Der Bundesfinanzhof hat entschieden, dass Aufwendungen, die zeitlich vor dem Erwerb des Gebäudes entstanden sind, nicht in die 15-Prozent-Grenze einzubeziehen sind. Die Regelung des § 6 Abs. 1 Nr. 1a EStG gilt nach dem Gesetzeswortlaut nur für solche Aufwendungen, die innerhalb von drei Jahren "nach" der Anschaffung vom Steuerpflichtigen getragen werden. "Vor" der Anschaffung des Grundstücks getätigte Aufwendungen sind nach den allgemeinen handelsrechtlichen Abgrenzungskriterien als Anschaffungs-, Herstellungs- oder Erhaltungsaufwand steuerlich zu berücksichtigen (BFH-Beschluss vom 28.4.2020, IX B 121/19).

Nach der BFH-Rechtsprechung gehören zu den Aufwendungen i.S. von § 6 Abs. 1 Nr. 1a Satz 1 EStG sämtliche Aufwendungen für bauliche Maßnahmen, die im Rahmen einer "im Zusammenhang mit der Anschaffung des Gebäudes" vorgenommenen Instandsetzung und Modernisierung anfallen und nicht nach Satz 2 der Vorschrift ausdrücklich ausgenommen sind.

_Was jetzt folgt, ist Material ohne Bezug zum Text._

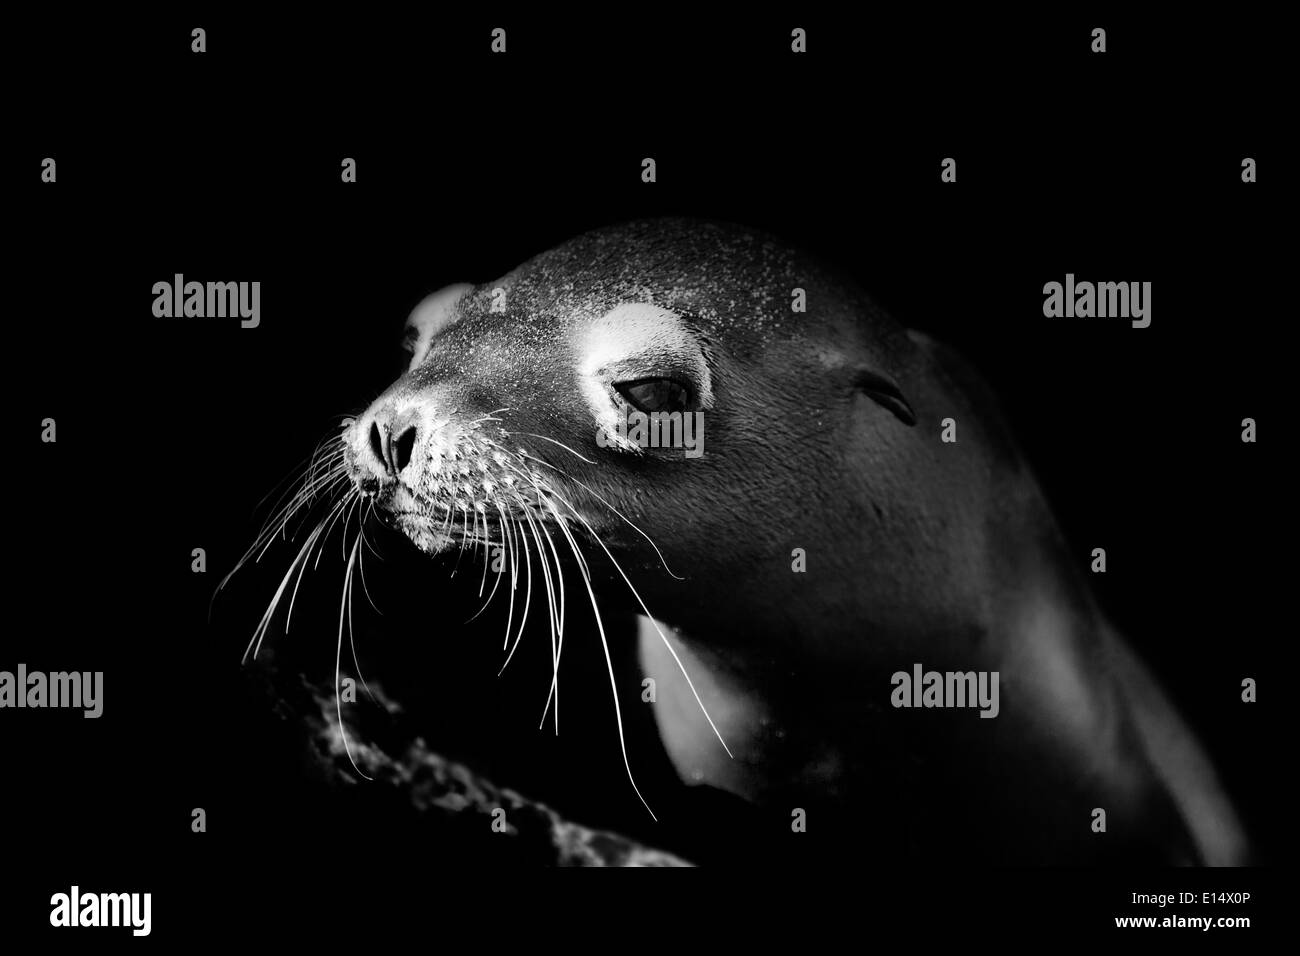 Young Sea Lion against dark background Stock Photo

Die genannte gesetzliche Regelung ordnet den tatbestandlich erfassten Instandsetzungs- und Modernisierungsaufwand fiktiv den Herstellungskosten des Gebäudes zu. Dies gilt nach dem insoweit eindeutigen Gesetzeswortlaut indes nur für solche Aufwendungen, die "innerhalb von drei Jahren nach der Anschaffung" vom Steuerpflichtigen getragen werden.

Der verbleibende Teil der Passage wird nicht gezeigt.